Only Bradley Cooper, as the nonsensically ambitious F.B.I. agent Richie DiMaso, delivers the level of scorched-earth intensity necessary to turn a film with absolutely no foresight into a grand, swirling farce, and he nearly succeeds. Particularly in his scenes with Louis C.K., Cooper reaches heights of hilarious, tightly-permed delirium that recall the hard-to-define magic of Russell’s under-appreciated existential romp, I Heart Huckabees.

Of course, the real star is undeniably Amy Adams’s hair, a vibrant mop of improbable volume that morphs along with her character’s motivations and seems to inflate with anticipation every time she enters a room. And that’s mostly what American Hustle is all about: the delicious crassness of throwing gaudy excess into partnership with government expenditure, of creating scenes entirely for the sake of the grand entrance, of making real hair look like wigs (Christian Bale’s comb over was painstakingly created from his own mane and a single strip of fake hair) and putting the one actual wig (Jennifer Lawrence’s) through a hair-whipping dance scene.

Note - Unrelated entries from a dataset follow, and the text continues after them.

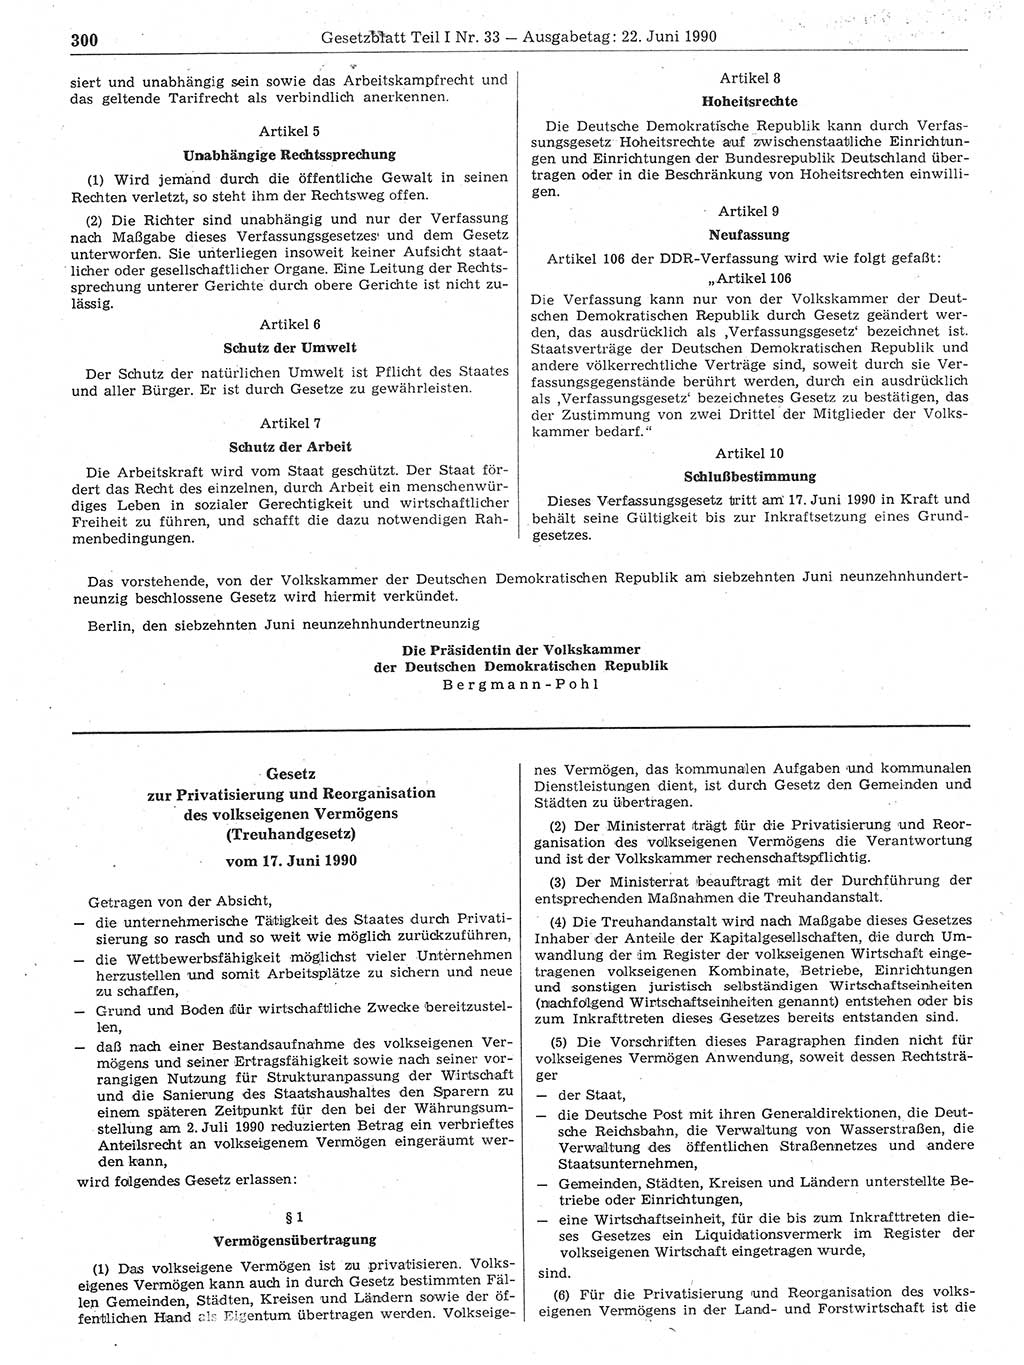 Gesetzblatt (GBl.) der Deutschen Demokratischen Republik (DDR) Teil Ⅰ 1990, Seite 300 (GBl. DDR Ⅰ 1990, S. 300)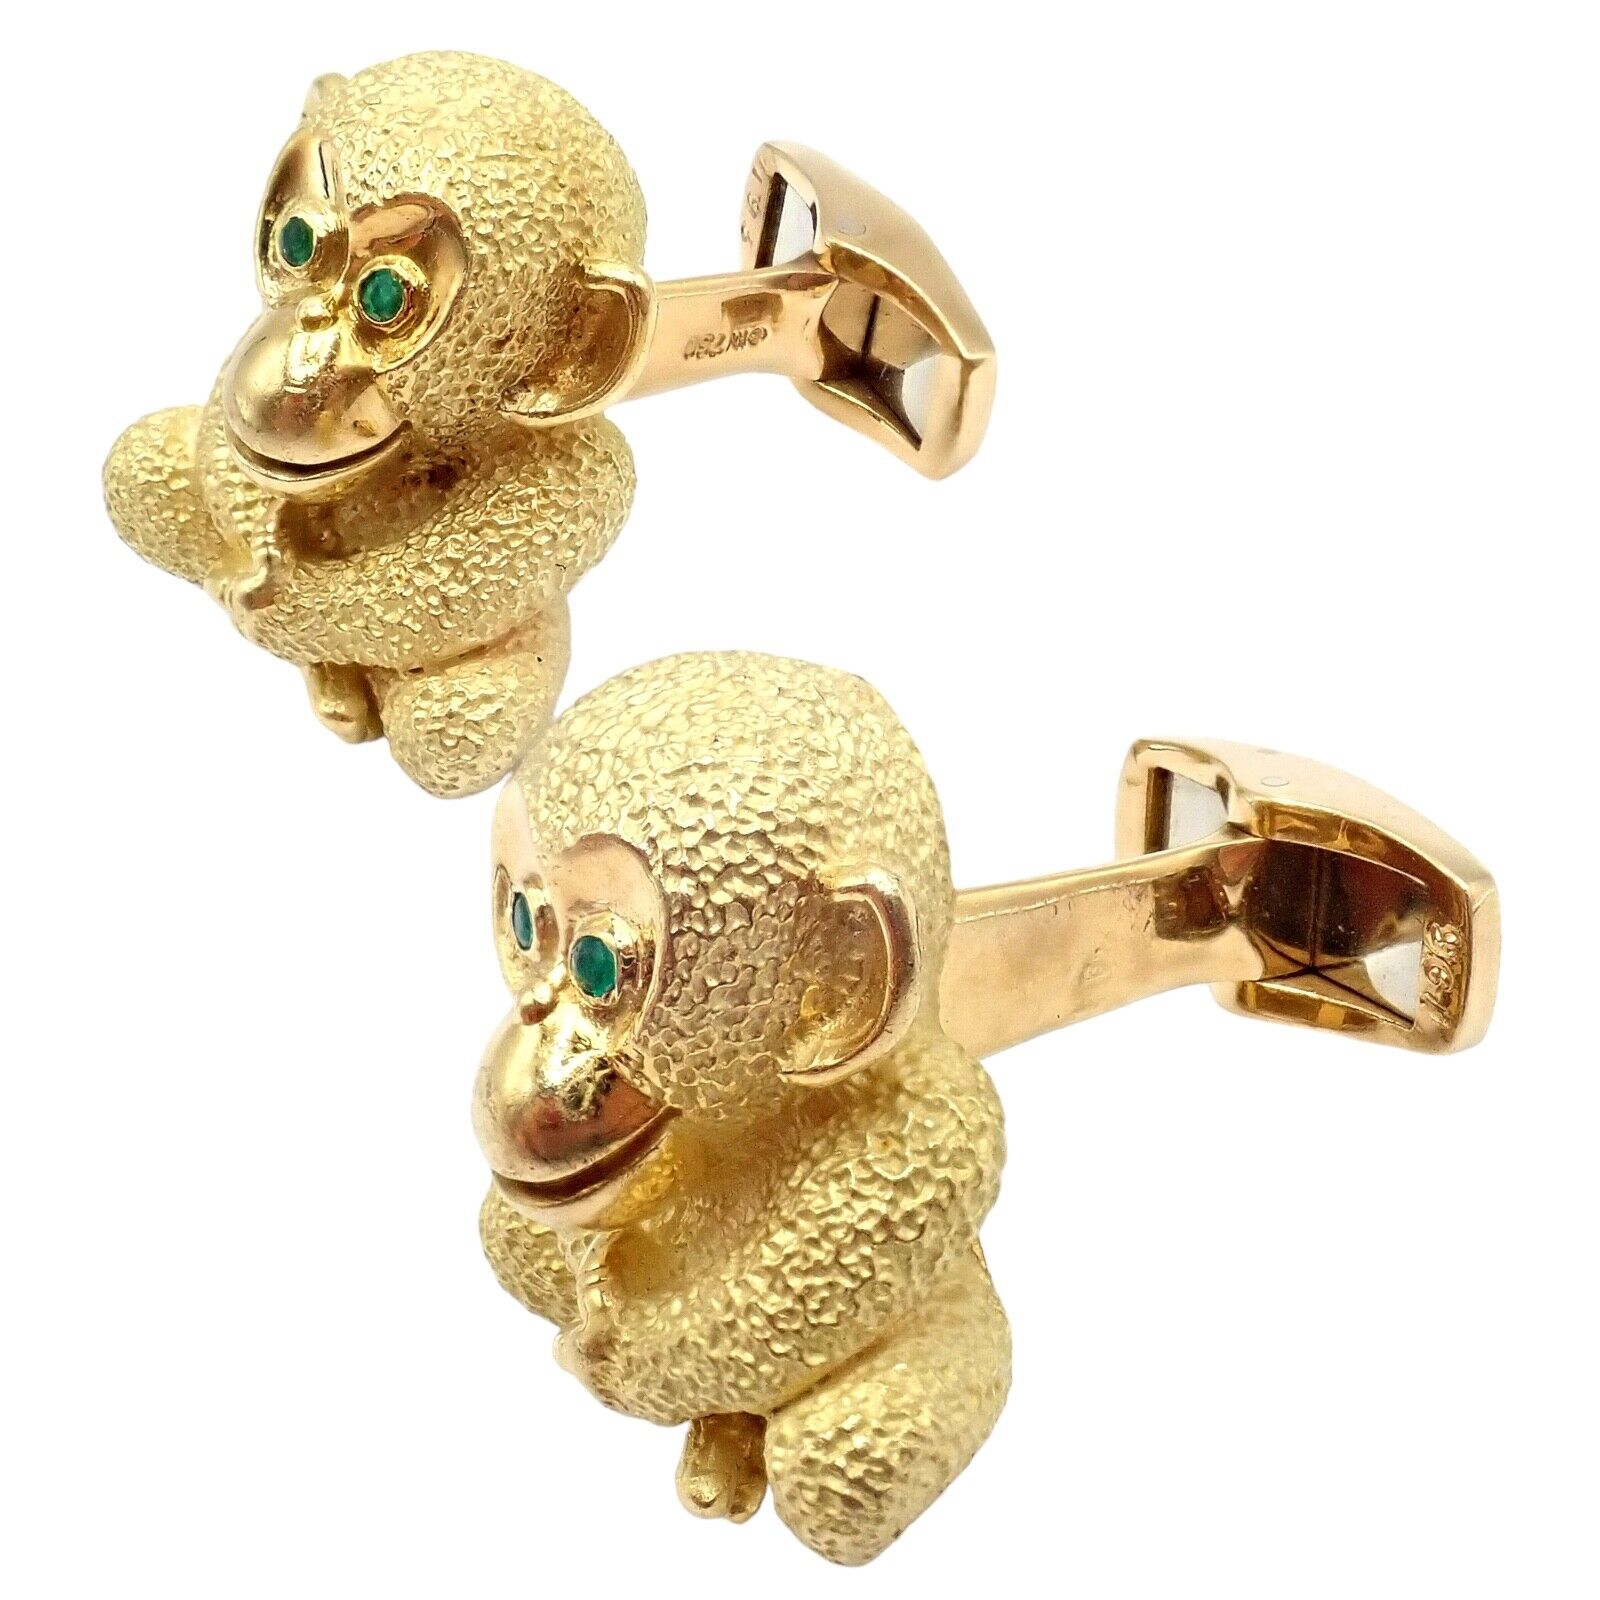 Kurt Wayne Jewelry & Watches:Men's Jewelry:Cufflinks Authentic Kurt Wayne 18k Yellow Gold Emerald Whimsical Monkey Cufflinks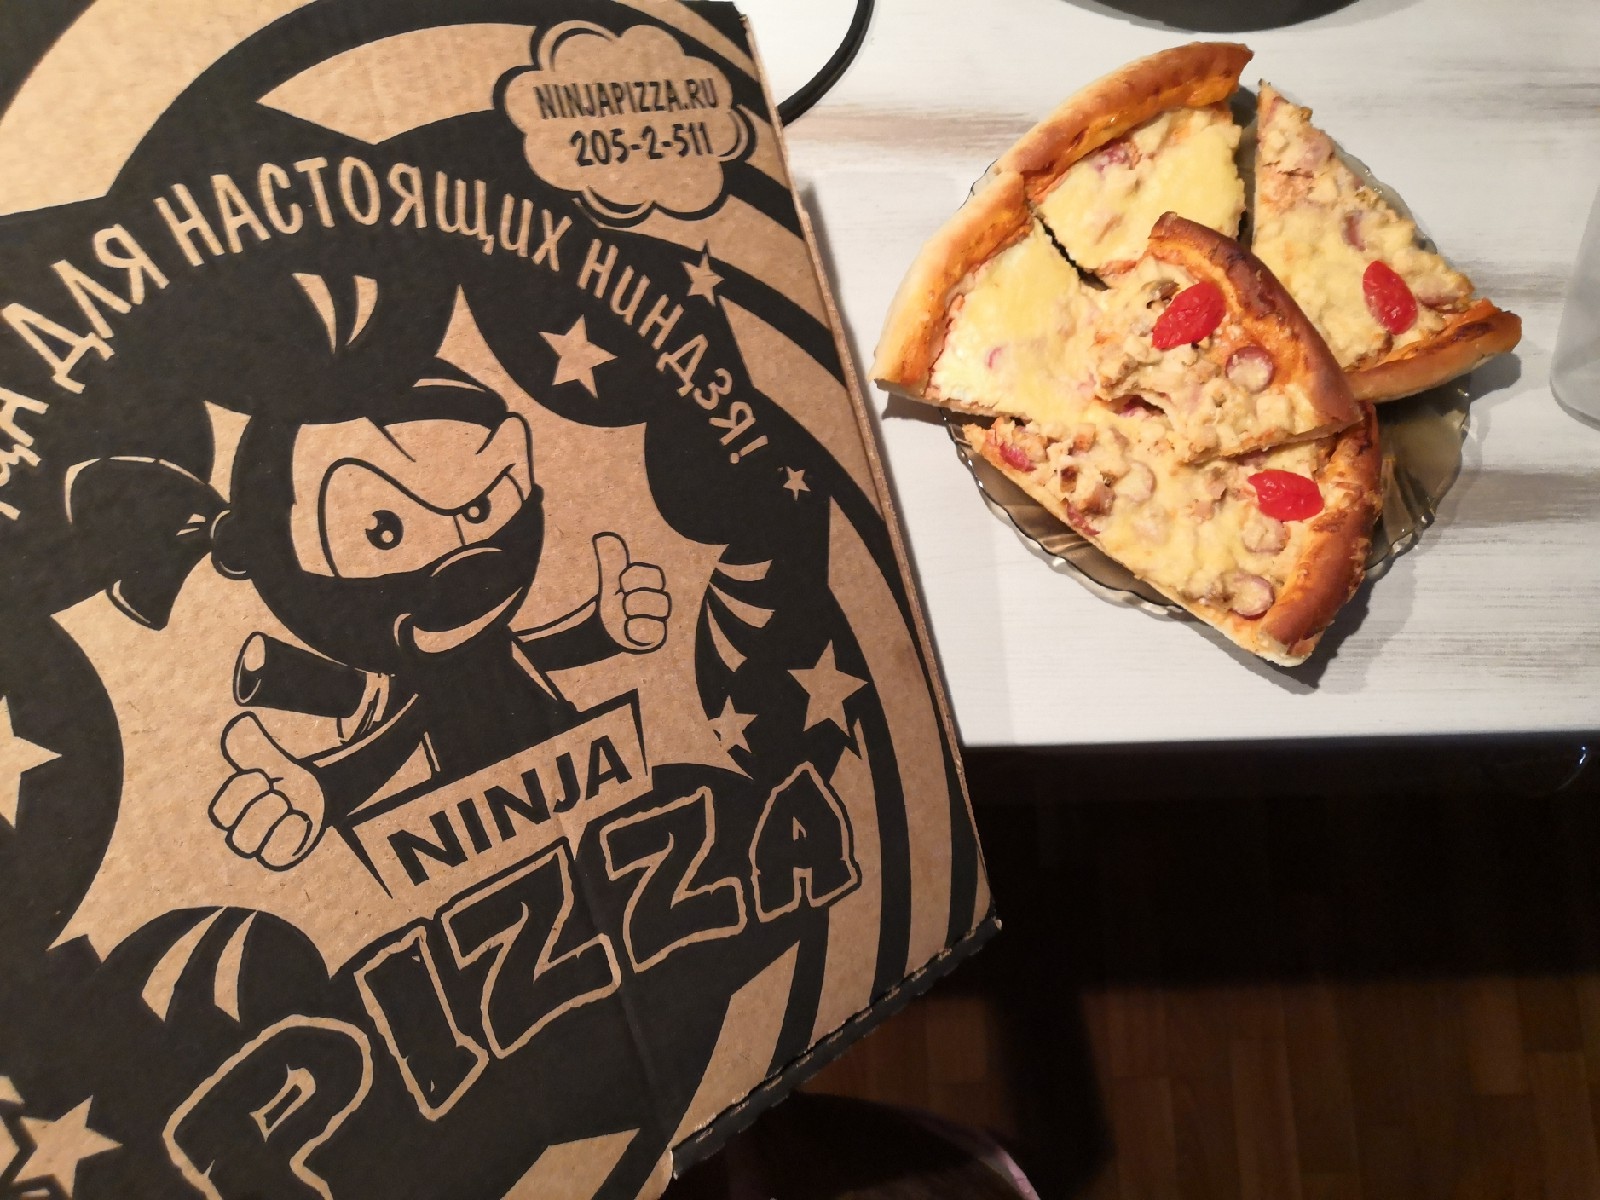 режим работы ниндзя пицца красноярск фото 105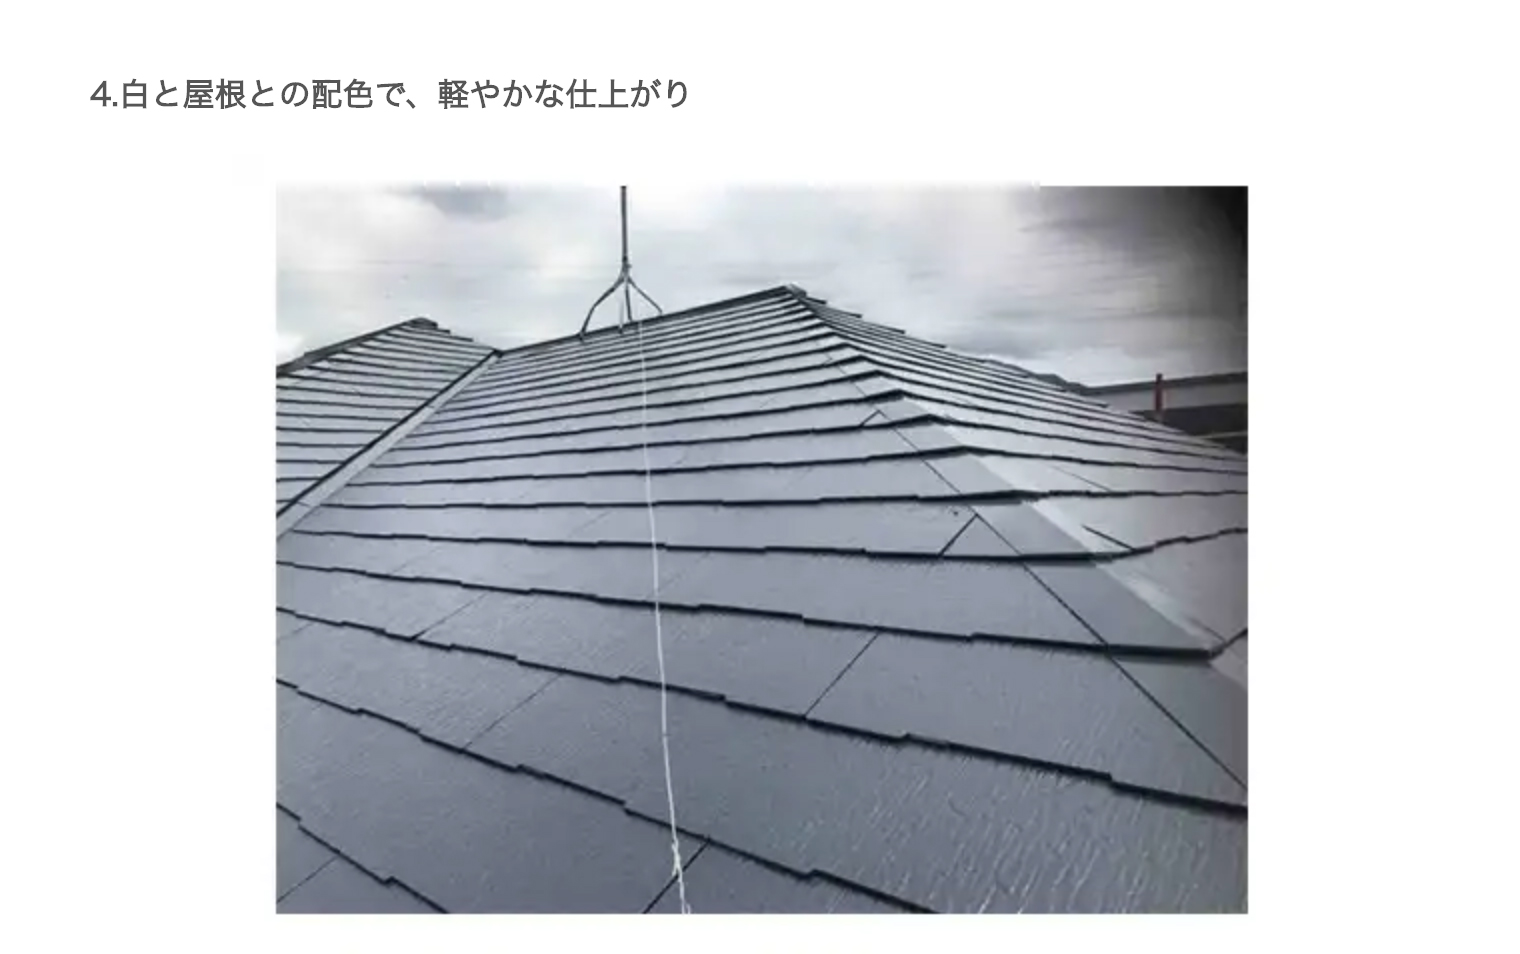 屋根色ならグレーが正解 専門家が推す3つの理由 配色のポイント ユーコーコミュニティー 神奈川 東京の外壁塗装と屋根リフォーム

American Hustle was reportedly being reworked up until its New York release date, which begs the question of whether all those New York Film Critics awarded their top prize to a different cut of the film (and Adams’s memorable “we gotta get over on all these guys” line is indeed edited slightly differently in the film than the trailer.) Eric Warren Singer’s screenplay, which Russell re-wrote, was originally titled American Bullshit, and it’s easy to imagine the work that, without Russell’s interference, it might have been: a film without the unnecessary voice-overs, and without the heavy-handed attempts to connect the word “hustle” to a deeper understanding of humanity. But that film may also have left out the few moments that shocked this one into intermittent transcendence. And so bullshit begets bullshit, of both sweet and unpleasant variations. Which proves that while American Hustle isn’t perfect (aside from Cooper and the film’s hair and makeup team), it’s a lesson in passive-aggressive salesmanship, making a weapon of its transparent aspirations.